Air pollution and herbal medicines could be behind lung cancer in non-smokers, study finds
While smoking is a major risk factor for lung cancer, rates of the malignancy appear to be increasing among those who have never smoked, even with tobacco use declining globally.
Previous studies have shown that lung cancer disproportionately affects non-smoking women, particularly those with Asian ancestry, and is more prevalent in East Asia than in Western nations.
Now, a new study, published on Wednesday in the journal Nature, provides compelling evidence that air pollution and herbal medicines could be behind genetic mutations linked to the development of lung cancer in non-smokers.
'We are seeing this problematic trend that never-smokers are increasingly getting lung cancer, but we haven't understood why,' said Ludmil Alexandrov, an author of the study from the University of California San Diego.

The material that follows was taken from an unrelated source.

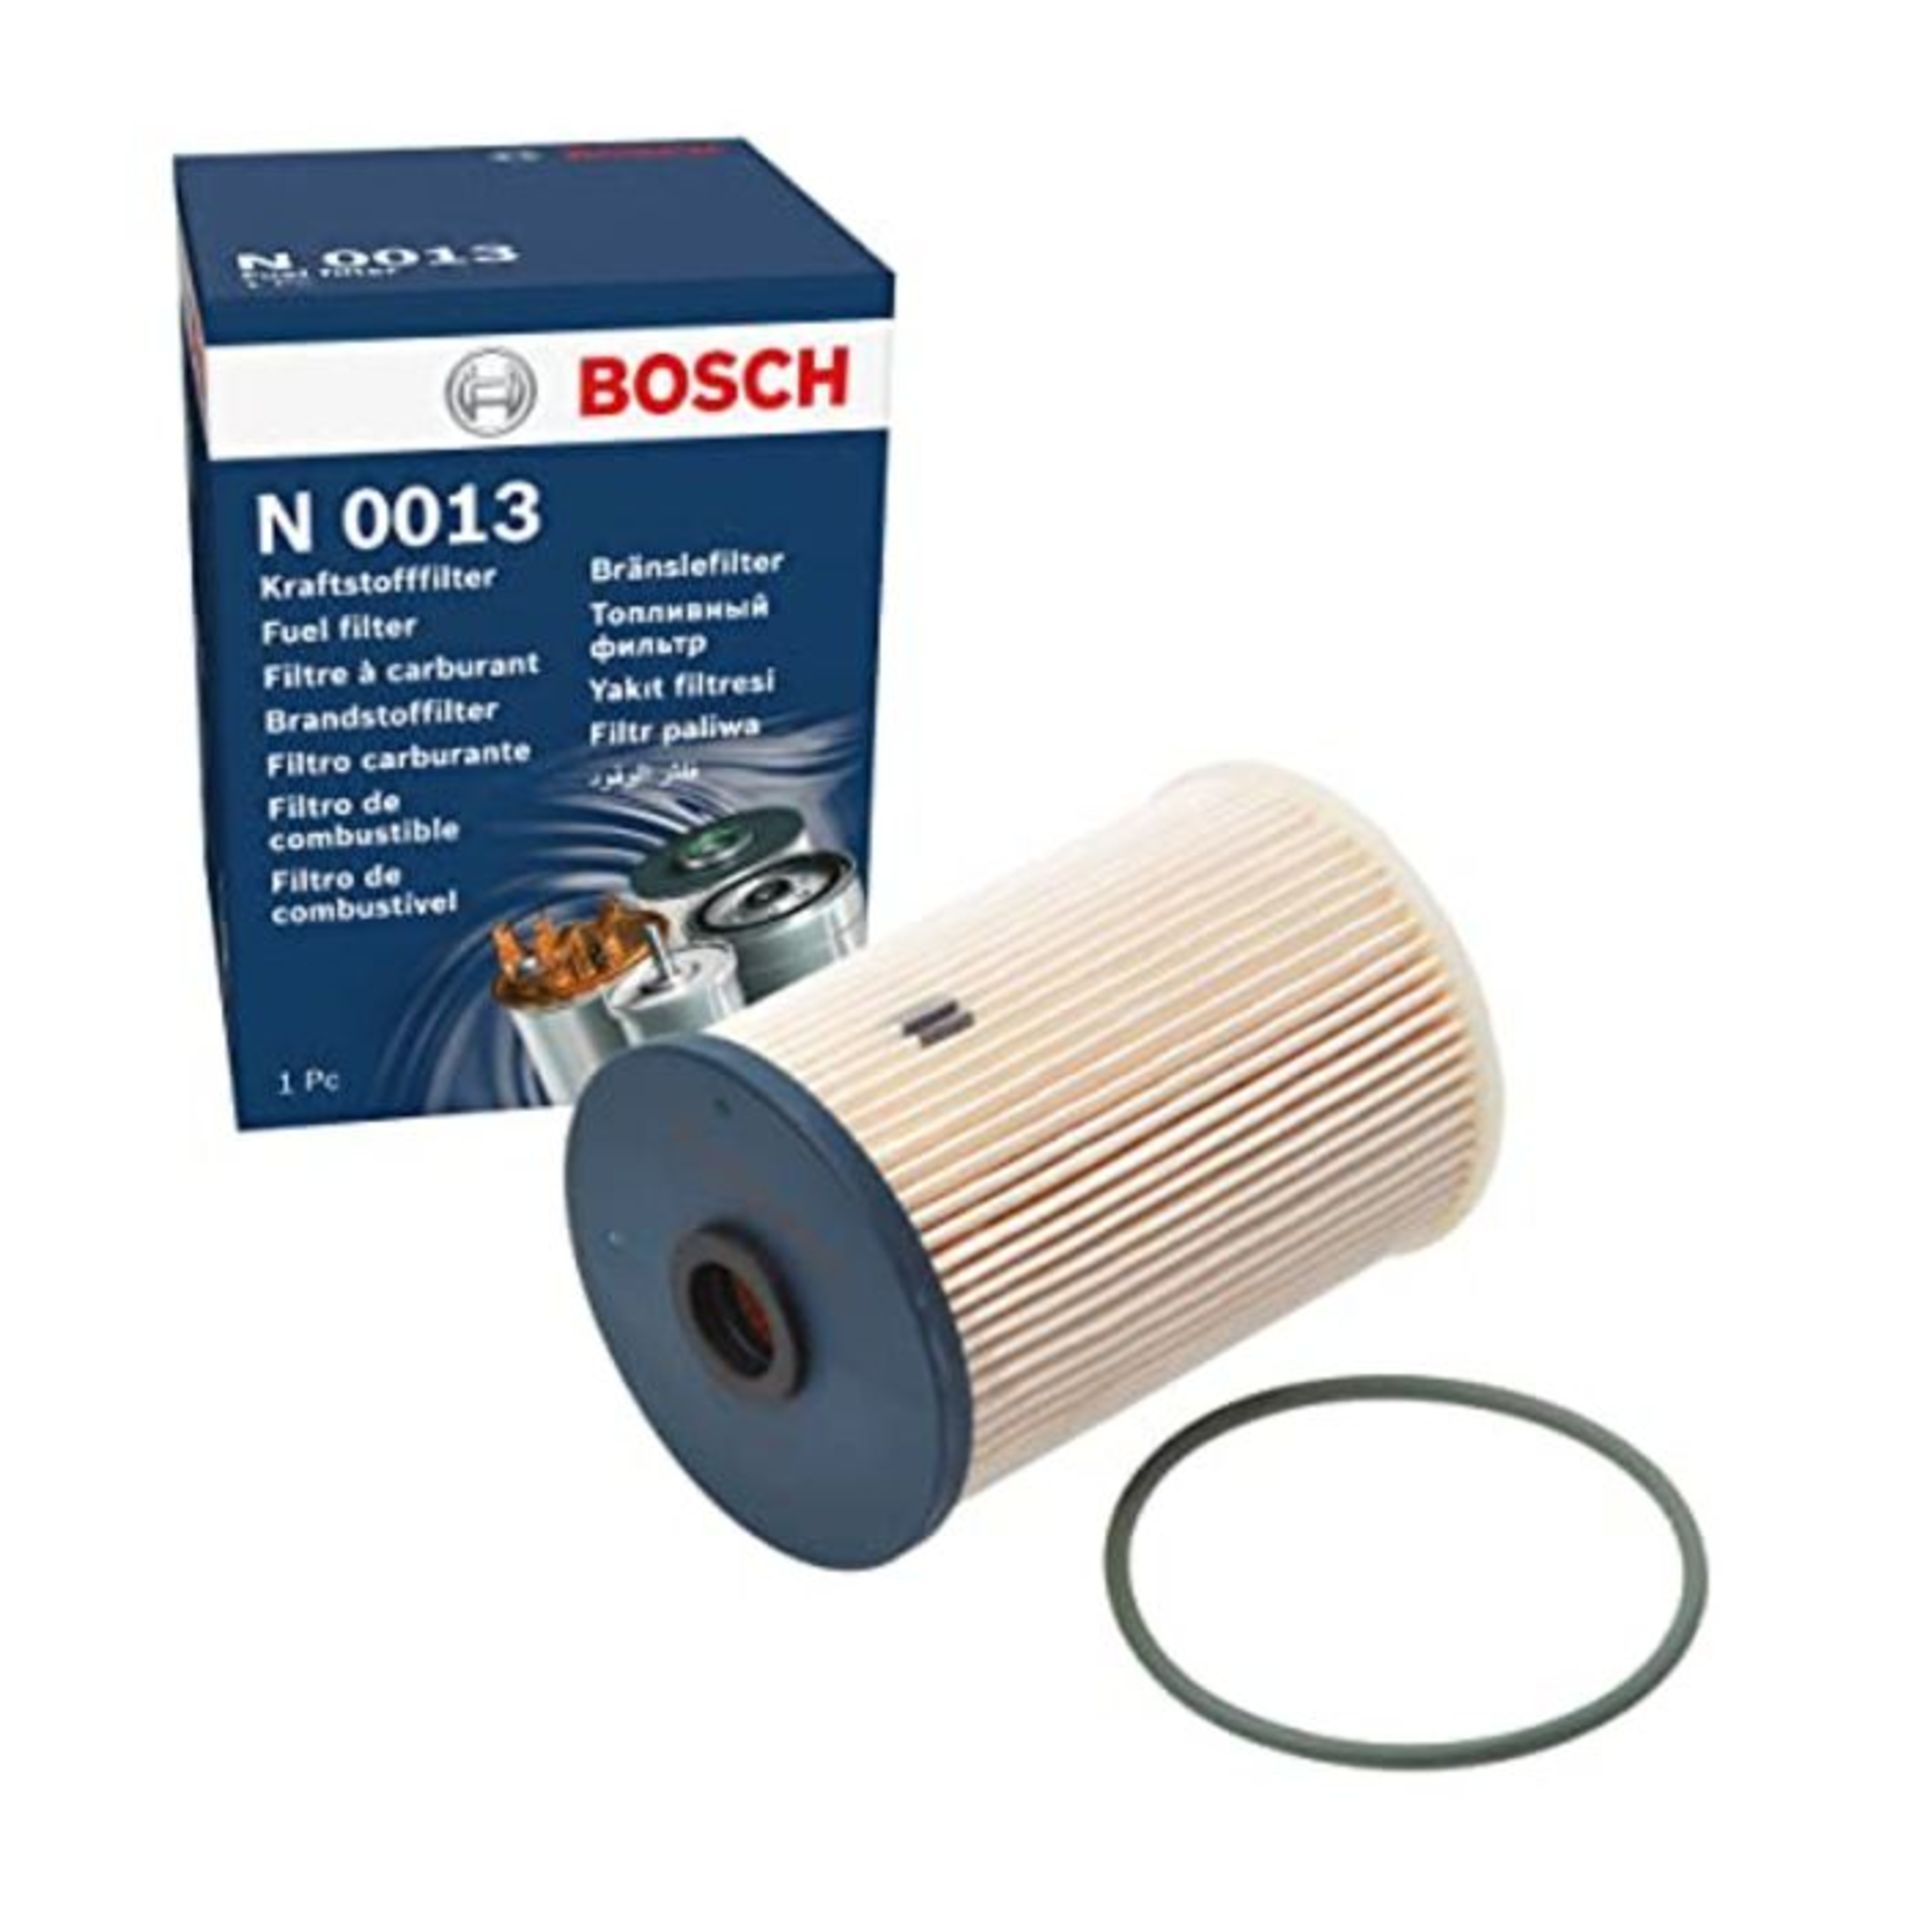 Bosch N0013 - Diesel Filter Car

'Our research shows that air pollution is strongly associated with the same types of DNA mutations we typically associate with smoking.'
Most lung cancer prevalence studies haven't separated data of smokers from that of non-smokers, providing limited insights into potential causes in those patients.
The latest study collected data from never-smokers worldwide and used genomics to find environmental factors likely behind these cancers.
'This is an urgent and growing global problem that we are working to understand regarding never-smokers,' said Maria Teresa Landi, co-author of the study from the US National Cancer Institute.
While previous studies have shown a potential link between air pollution and lung cancer in never-smokers, the new research goes further by revealing a genomic link.
In this comprehensive study, scientists analysed lung tumours from 871 never-smokers living in 28 regions with different levels of air pollution across Africa, Asia, Europe and North America.
Researchers used genome sequencing methods to identify distinct patterns of genetic mutations which act like molecular fingerprints of past exposures.
They then compared the genomic data with pollution estimates based on satellite and ground-level measurements of fine particulate matter.
This helped them estimate long-term exposure of the patients to air pollution.
The study found that never-smokers living in more polluted environments had significantly more mutations in their lung tumours, particularly the kinds which directly promote cancer development.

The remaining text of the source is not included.